El descubrimiento del icono enardecerá a los vistas de aduanas y les inducirá a buscar más material. El verdadero escándalo se armará cuando descubran un sobre con las notas autobiográficas de Aliosha, que encontré en su guardarropas, y que incluyen escritos sobre los casos que defendió. Este delito, catalogado como robo de documentos estatales, podría hacerme aprender durante cinco años lo que es pasar hambre en un campo de trabajo. Y podría privarme de la posibilidad de volver a visitar Rusia: otra sentencia rigurosa, aunque la idea de partir —¡sí, rumbo a la libertad de pacotilla!— me ha convertido, durante esta última semana, en un cachorro que gime pidiendo que lo saquen a pasear.

Ahora no tengo tiempo para semejante estado de ánimo. Para el sueño de salir, de zafarme, de escapar. De liberarme del miedo envilecedor a que unos caprichosos «ellos» me pillen tarde o temprano... por dudar del comunismo, por gustar de las mujeres, por ser yo mismo. Después del funeral, a veces tuve que refrenarme para no echar a correr por el pasillo, gritando que estaba orgulloso de ser un perro servil del capitalismo imperialista.

Para aplacar el ansia de manumisión, pasaba días enteros en las oficinas de KLM y Air France estudiando los horarios, modificando las rutas... todo para convencerme a mí mismo de que podría partir cuando se cumpliera mi plazo. El sólo hecho de estar en las oficinas de una compañía occidental me levantaba el ánimo. Como sucedía con todo lo demás, necesité cuatro veces más tiempo que en un país normal para conseguir un billete, pero mientras bramaba contra la burocracia y la manía de seguridad, me sentía secretamente complacido. Porque podía derrochar más tiempo en una actividad que pasaba por ser importante y no exigía ningún esfuerzo intelectual.

Sin embargo, el icono es una señal electrónica para alertar a los funcionarios que me desenmascararán y me retendrán aquí, pisoteando mi afán de partir.

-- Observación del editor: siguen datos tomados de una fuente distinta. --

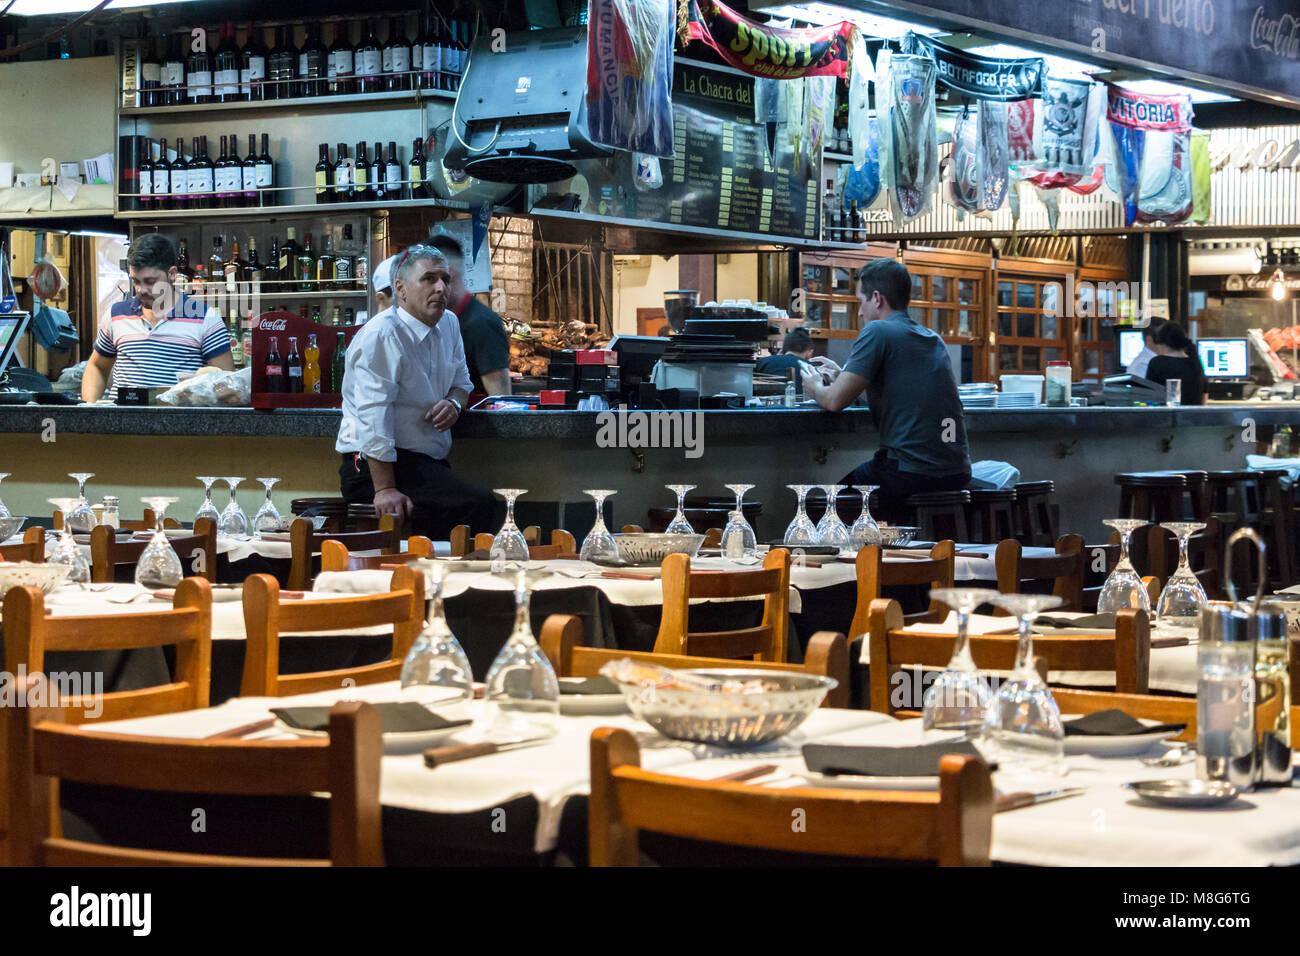 Montevideo, Uruguay - 25 Février 2018: Les clients assis au comptoir avec tabourets à un restaurant Photo Stock
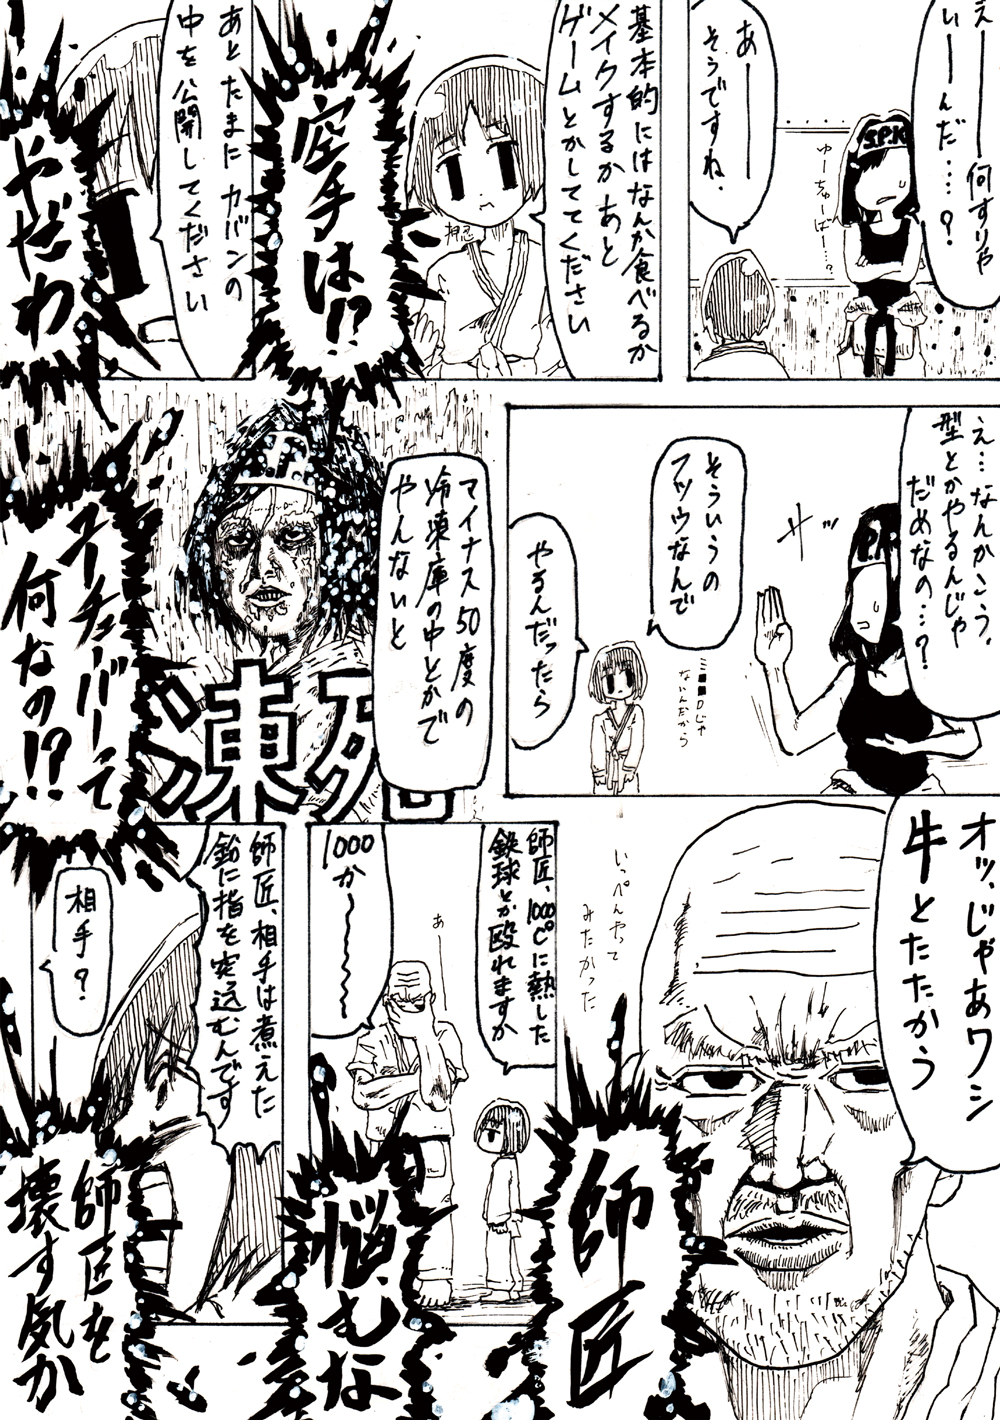 shinoda-006-3

Una Virgen y un Niño con una cubierta de bronce deslucido y con los olores de muchas generaciones de mugre acumulada en una cabaña campesina, algo por lo que no obtendría más de doscientos dólares si alguna vez se me ocurriera venderlo. Pero necesito coquetear con el peligro por él. Tantas riquezas rusas —poco importa que sean las riquezas de la pobreza— y yo me voy con las manos vacías después de estos febriles dieciséis meses. Un icono de contrabando: compensación simbólica.

Además, es el último sobreviviente del lote que Aliosha estaba reuniendo con vistas a lograr nuestra riqueza. Vendimos la mayoría de los otros durante el otoño para pagar el sustento, y alguien —probablemente un amigo que había venido a aliviarle el dolor— se alzó con varios de ellos mientras yo estaba fuera haciendo una diligencia. Sólo éste, verdoso, con su toque de Cristo de tienda de baratijas, llegó a mis manos. Y la camisa de franela para envolverlo, la misma que Aliosha se ponía para engrasar el Volga.

Cuando termino de cerrar el baúl, miro las cosas que dejo atrás. Gracias a Dios me he desprendido de mis últimos libros peligrosos: las memorias de Krushchev y las obras del Samizdat editadas por emigrados. Después del funeral, un desconocido parado en la cola del autobús me susurró angustiosamente que mi cuarto había sido registrado para prepararme una trampa. Aunque quizá tenía instrucciones de mostrarse asustado, preferí no correr riesgos, y distribuí rápidamente unos pocos ejemplares entre personas dignas de confianza y envié el resto por correo a un profesor que acostumbraba a arengarnos a Joe Sourian y a mí acerca de la perversidad de Truman.